A newly released report from the Federation for American Immigration Reform (FAIR) has revealed that the cost of illegal immigration on taxpayers is felt in states far from the U.S. southern border, and specifically in some of the country’s least populated states. In fact, FAIR found that it costs 10 states with the fewest immigrants $454 million annually — or $4,000 to $6,500 per illegal alien.
As FAIR President Dan Stein explains, “In many ways, the influx of immigrants into less populous areas of the country has an even greater impact on long-time residents than it does in larger and more urban areas. These areas have neither the tax base, nor the economic and social infrastructure to accommodate the needs of the growing numbers of immigrants taking up residence.”
Alaska, Maine, Mississippi, Montana, New Hampshire, North Dakota, South Dakota, Vermont, West Virginia, and Wyoming are the 10 states in which FAIR determined that of the 415,000 foreign-born residents living in them, 88,000 were illegal aliens. On top of that, 35,000 were children born to illegal aliens.
“Many local officials tout immigration, including illegal immigration, as a remedy to economic stagnation,” Stein observed. “However, as this report reveals, the reality is precisely the opposite. Illegal immigration, in particular, drives down wages and inhibits job opportunities for legal residents, while bringing more low-skilled, low-wage workers to these states. In turn, this increases costs to state and local governments, and discourages investment by businesses seeking a skilled labor force and lower overhead.”

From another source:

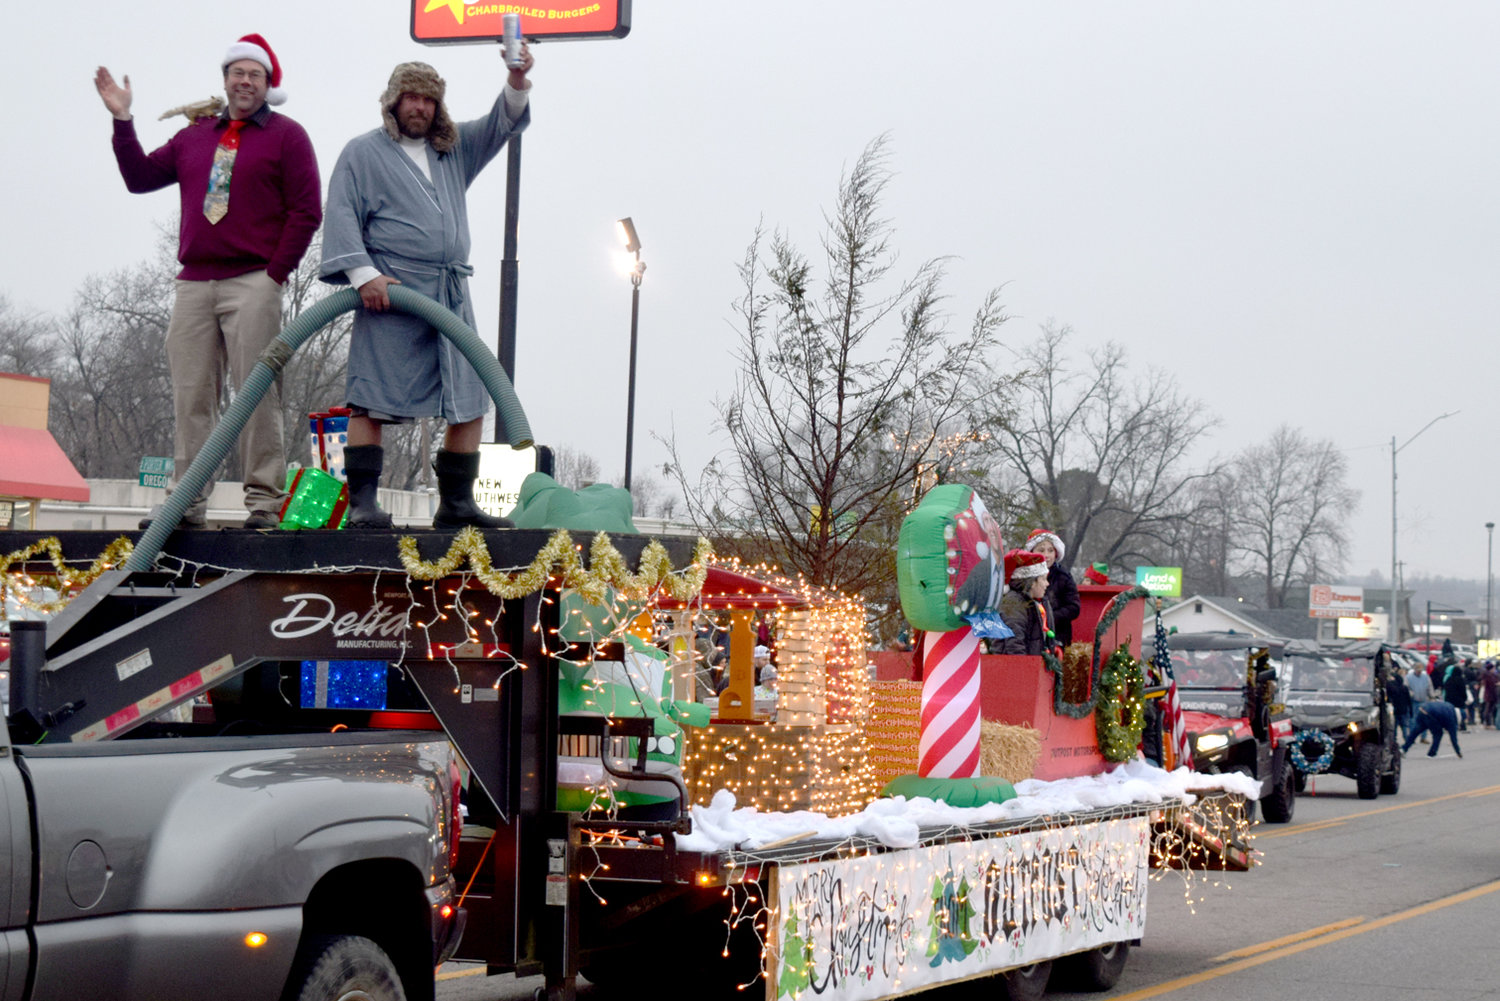 Hollywood Christmas moves through West Plains with annual parade West

Immigration constitutes a massive financial burden to taxpayers. CNSNews reports, “Nationwide, the immigration nonprofit calculated that taxpayers spend $59.8 billion educating LEP (limited English proficiency) students in 2016, up from $51.2 billion in 2010.” Some schools in small communities have suddenly faced a dramatic uptick in the percentage of LEP students. For example, Lewiston, Maine, with a population of 40,000, has had its percent of LEP students rise from 5% to 30% in just five years.
As Stein concludes, “Americans, in every part of the nation, are being affected by antiquated and unenforced immigration policies, which is why it is at the top of the list of voter concerns heading into the 2020 elections.”